US Special Operations Forces Making Paper That Talks
Future psychological operations will airdrop the sheets to persuade targets to buck up or defect.
Special operators have been looking for a way to get a short audio message to target audiences in enemy-controlled areas — say, civilians in need of reassurance or enemy soldiers who might surrender or defect. Now they think they have one: a piece of paper, about the thickness of four ordinary sheets, infused with microcircuits that can store and replay a 30-second message.
U.S. Special Operations Forces Command, or USSOCOM, has developed a prototype; now they’re looking for companies to improve it enough for combat evaluations as soon as year’s end.
In May, SOCOM representatives were reaching out to industry and academic partners at the SOFIC conference in Tampa, Florida. A SOCOM video display described a need for a “printable electronics incorporating ‘flexible micro-circuitry’, [a] flexible speaker, and super thin photovoltaic batteries.”
Ryan Brown, an acquisition official with SOCOM, said the prototype has a writable area of about 4 by 6 inches. Now he’s looking to make it better and cheaper. “One of the downsides of making something new… the first-time articles and prototypes are expensive,” Brown said.
The display at SOFIC said that the paper should be printable “in the field [to be] deployed or scattered across designated areas to broadcast information as well as provide feedback to assist in MISO planning and analysis.”
MISO is Military Information Support Operations, the special ops group that focuses on psychological operations. While less well-known than the troops that kick down terrorists’ doors, MISO (formerly PSYOPS) plays a growing role in high-profile military operations.
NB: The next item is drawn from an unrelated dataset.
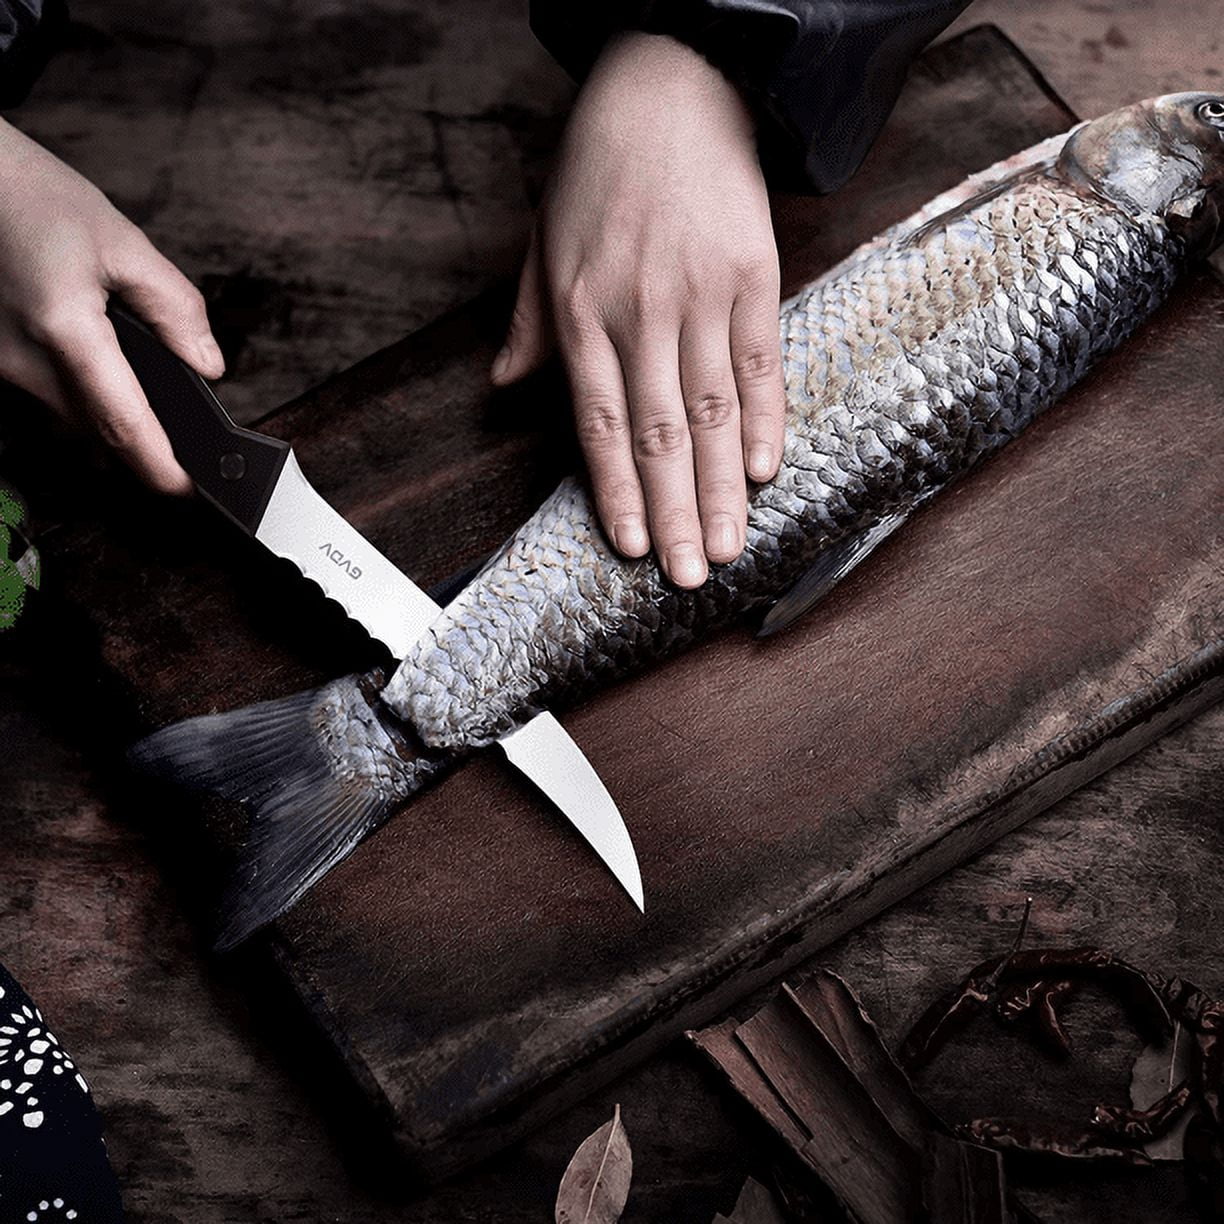 TRUSCEND Razor Sharp Stainless Steel Fishing Fillet Knife

For instance, psychological operations helped decimate Joseph Kony's Lord’s Resistance Army, or LRA, SOCOM officials said last year. Operators said the nearly six-year operation was aided by delivering recorded messages to LRA soldiers, persuading them to defect. But it’s hard to reach enemy soldiers deep in the jungle, especially when they are is surrounded by other combatants. Furthermore written messages don’t always work if the target is illiterate, as many of Kony’s child soldiers were. The SOF operators resorted to dropping devices to relay the messages into areas that they knew LRA members would be.
Over time, the operation had the desired effect, culminating in the defection of Michael Omono, Kony’s radio telephone operator and a key intelligence source. Army Col. Bethany C. Aragon described the operation from the perspective of Omono.
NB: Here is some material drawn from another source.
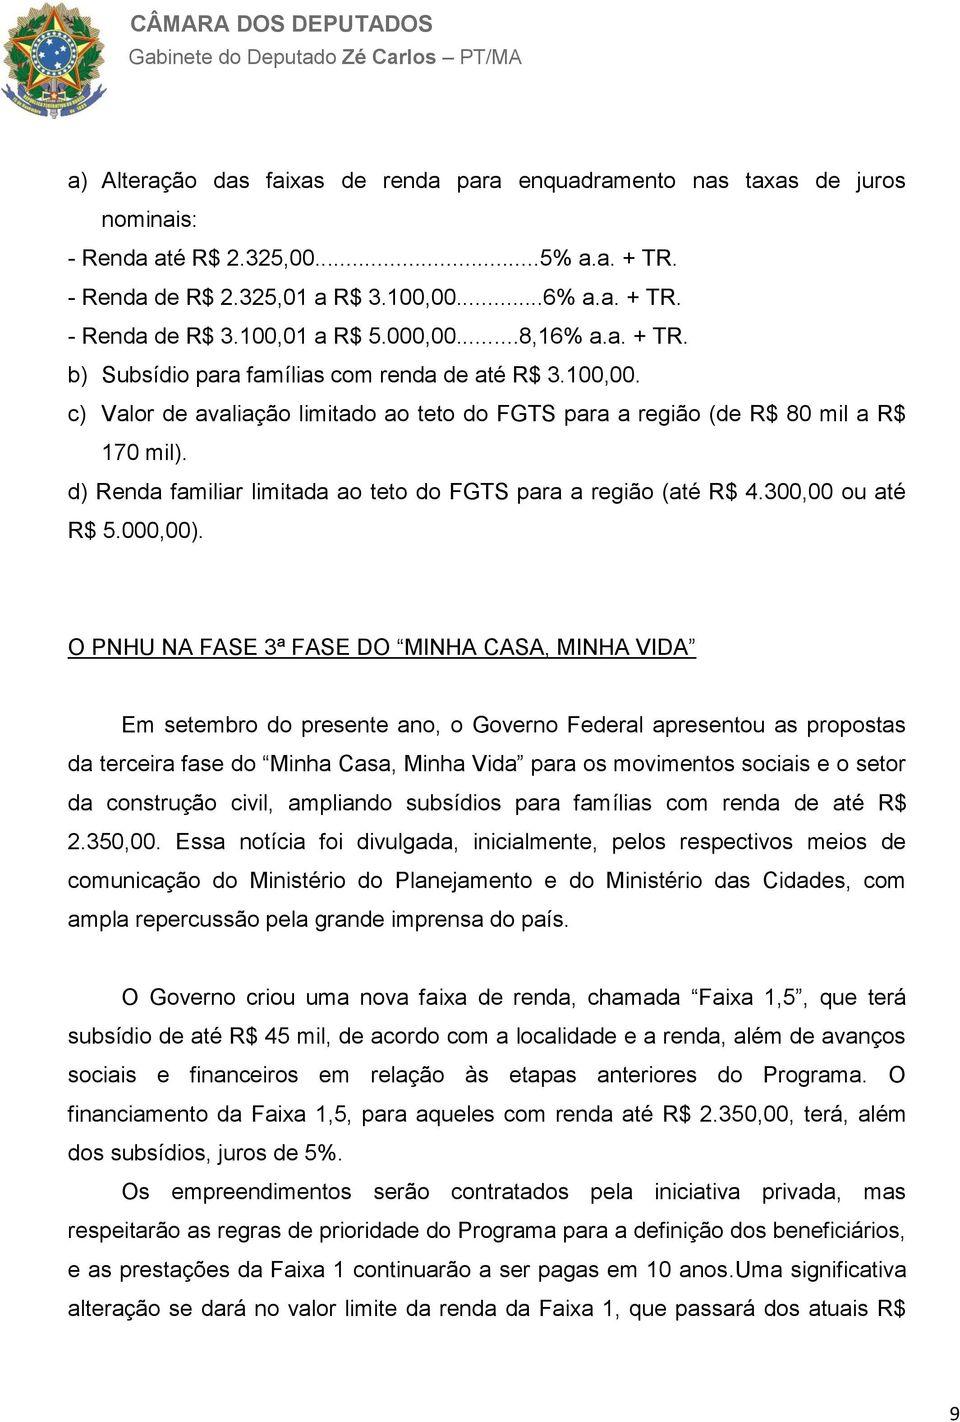 d) Renda familiar limitada ao teto do FGTS para a região (até R$ 4.300,00 ou até R$ 5.000,00).
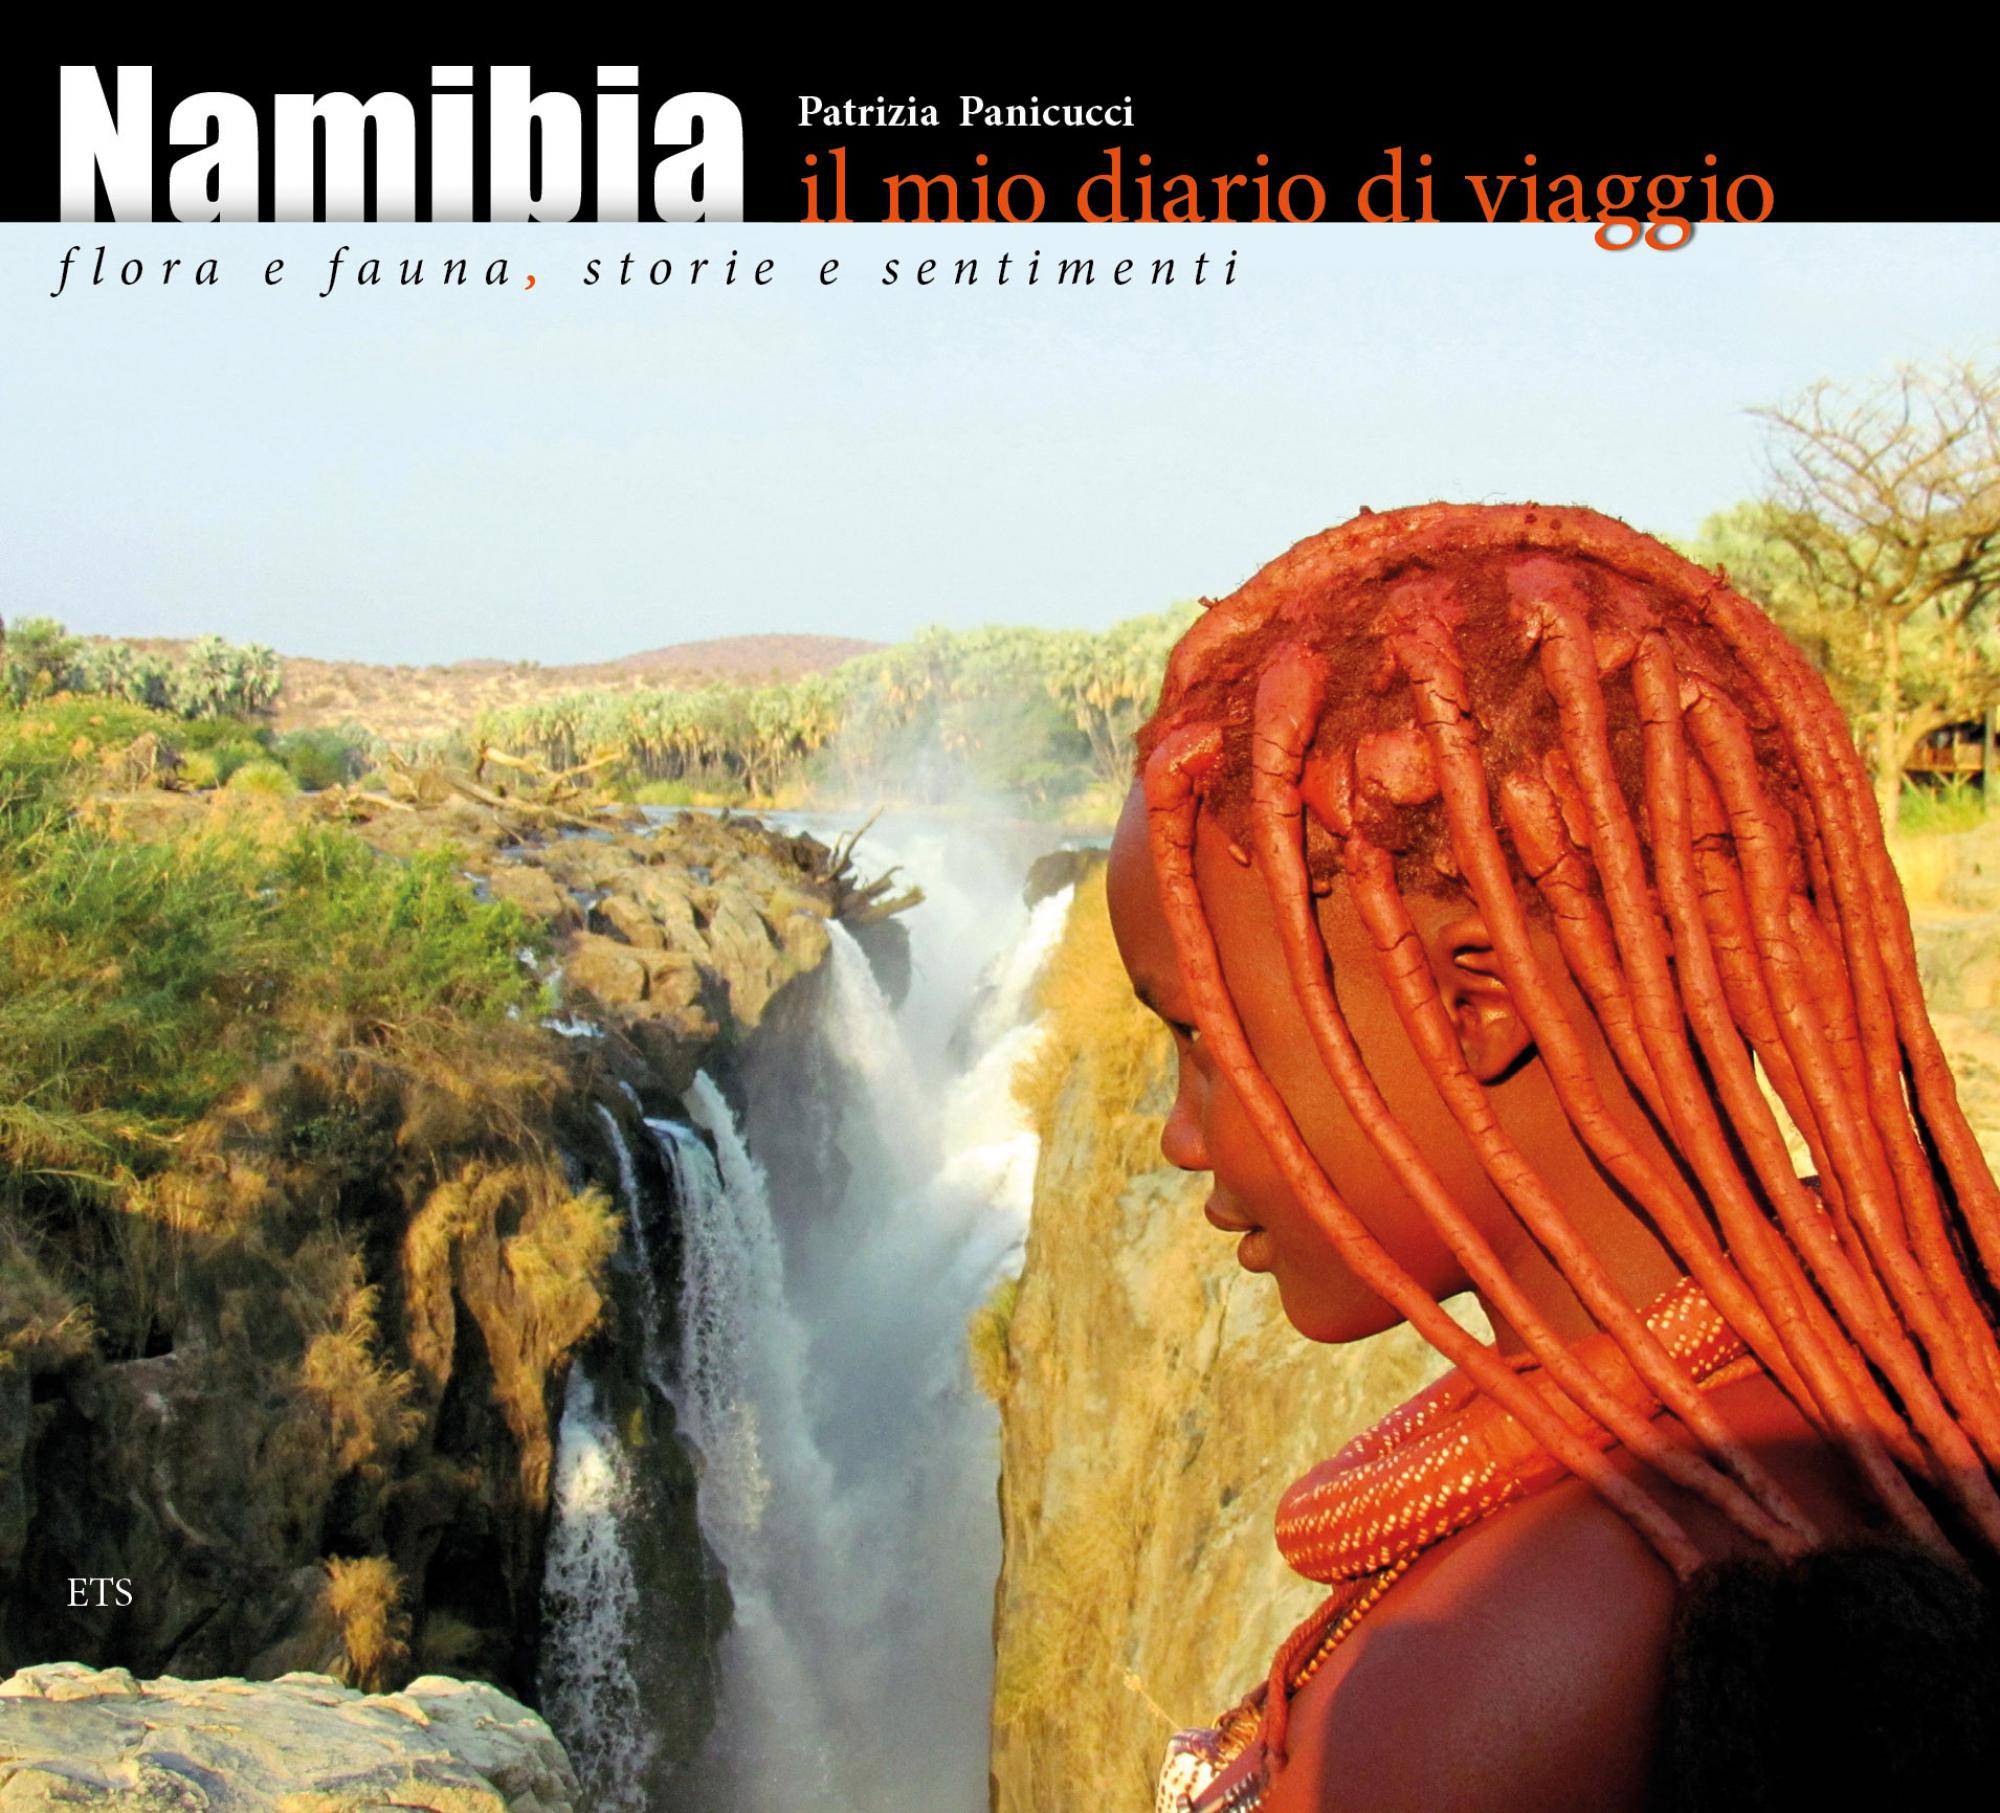 Namibia.Il mio diario di viaggio. Flora e fauna, storie e sentimenti

“You are working for a leader who is clearly unhinged and not inspired by the original motivations that people join the Lord’s Resistance Army for. [Omono] is susceptible. Then, as he’s walking through the jungle, he hears [a recording of] his mother’s voice and her message begging him to come home. He sees leaflets with his daughter’s picture begging him to come home, from his uncle that raised him and was a father to him.”
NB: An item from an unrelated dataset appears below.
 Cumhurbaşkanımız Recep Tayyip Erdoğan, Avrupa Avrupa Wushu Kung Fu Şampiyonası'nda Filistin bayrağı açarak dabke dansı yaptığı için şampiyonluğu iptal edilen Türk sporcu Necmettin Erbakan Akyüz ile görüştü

It’s exactly the sort of operation that could be aided by electronic talking paper.
Various printable electronic concepts have been around for close to a decade. But the advent of new techniques to mass-produce graphene — a carbon-based nanomaterial that’s clear, highly bendable, five times as strong as steel and an excellent conductor of electricity — has made it much easier to shrink electronic circuits and embed them into fabric or other bendable materials. (SOCOM officials declined to say whether their prototype uses graphene or other materials.)
Brown said that future versions of the material may host a biometric identifier, perhaps allowing only the intended recipient of the message to access it, but that wasn’t part of the prototype or the present industry outreach.
The same display also said that the military was working on a “leaflet that allows for listen back.”